The Travelling Salesman Problem (TSP) reflects the routing decisions that a salesman has to take. It involves travelling around a set of customers in order to visit each one. Furthermore, salesmans must start and end their route at the same point, while seeking to minimize the total distance travelled. The answer to the problem generates the ideal route with a visit to each customer and the minimum total distance travelled. The TSP is considered to be a NP-Hard problem. In 1954, Dantzig, Fulker-son and Johnson presented the first efficient algorithm for solving relatively big problems (Wang et al., 2015). Technological progress has developed new tools for solving this problem, including non-linear programming, ant colony, genetic algorithms, neural networks, etc.
Variations of the TSP have been introduced over time. Alkaya and Duman (2010) say that the addition of new restrictions produces different generalizations of the problem, and each new generalization constitutes the starting point for a new area of research. They therefore defined and formulated the Sequence Dependent Travelling Salesman Problem (SDTSP). In the SDTSP, the cost of travelling between two points does not depend only on the distance between them but also on the characteristics of a quantity of points to be visited subsequently.

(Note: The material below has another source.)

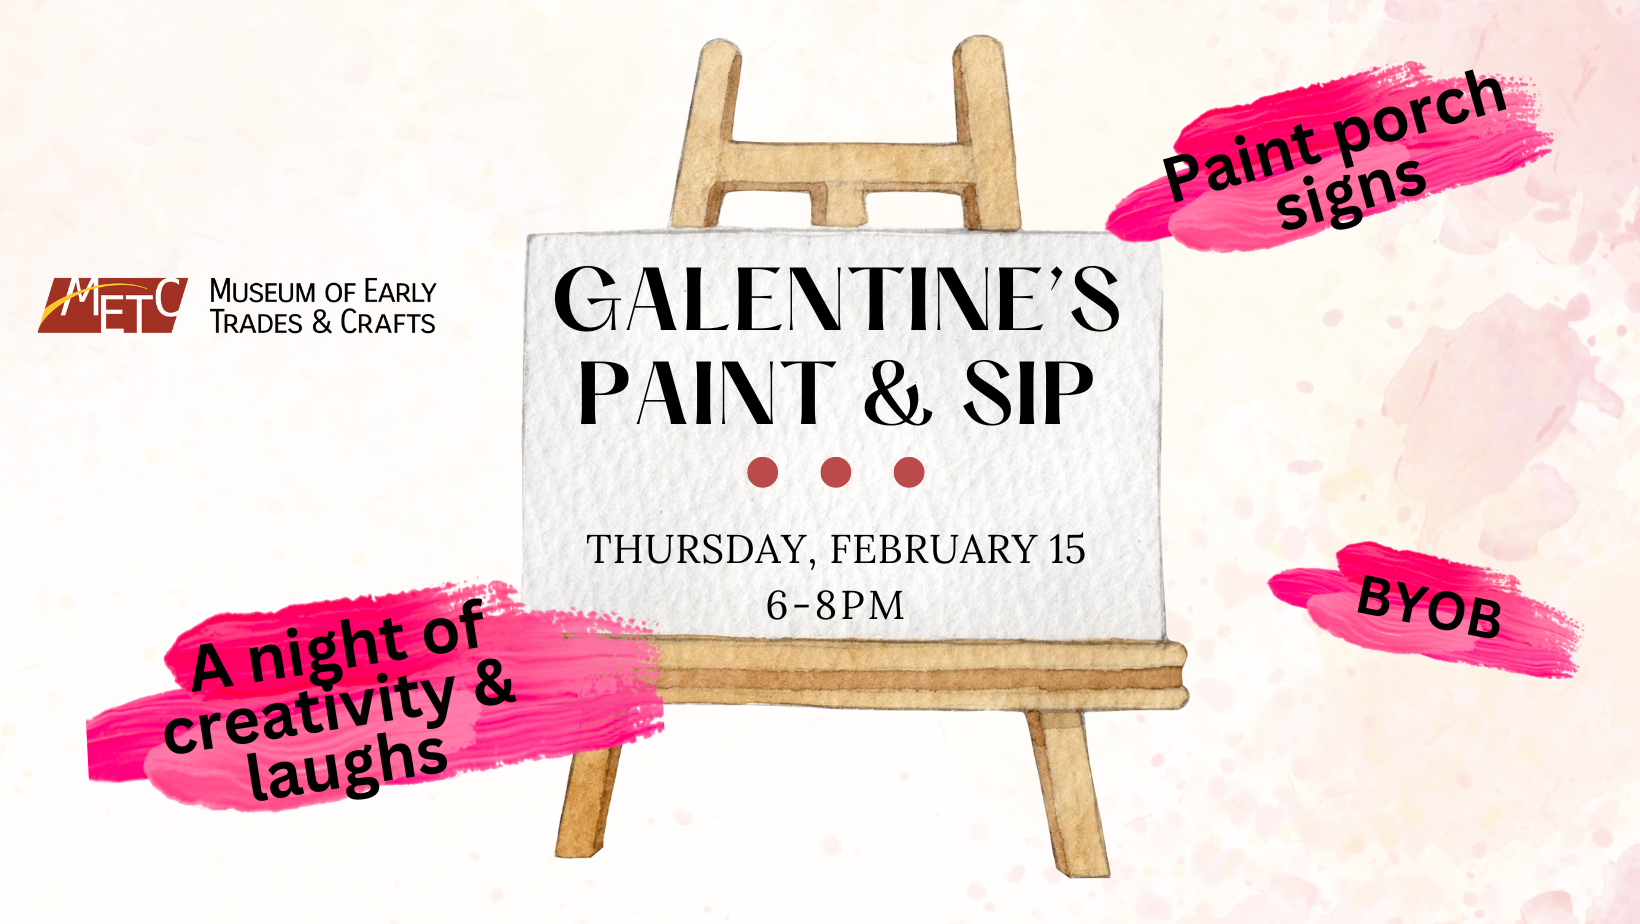 Galentine's Paint and Sip

Other variations of the TSP found in the literature are: the Multiple Travelling Salesmen Problem (mTSP) (Chen, 2015), to find efficient routes for all the salesmen; the Travelling Salesman Problem with Draft Limits (TSPDL) (Todosijevic et al., 2017), which includes limitations on travel characteristics or conditions; the Travelling Salesman Problem with Pickups and Deliveries, Time Windows and Draft Limits (TSPPD-TWDL), which involves guaranteeing visits within defined time windows (Arnesen et al., 2017); and the Family Travelling Salesman Problem (FTSP), where the set of nodes on the graph are divided into various subsets, called families, and the objective is to visit a predefined number of nodes in each family at a minimum cost (Bernardino and Paias, 2018).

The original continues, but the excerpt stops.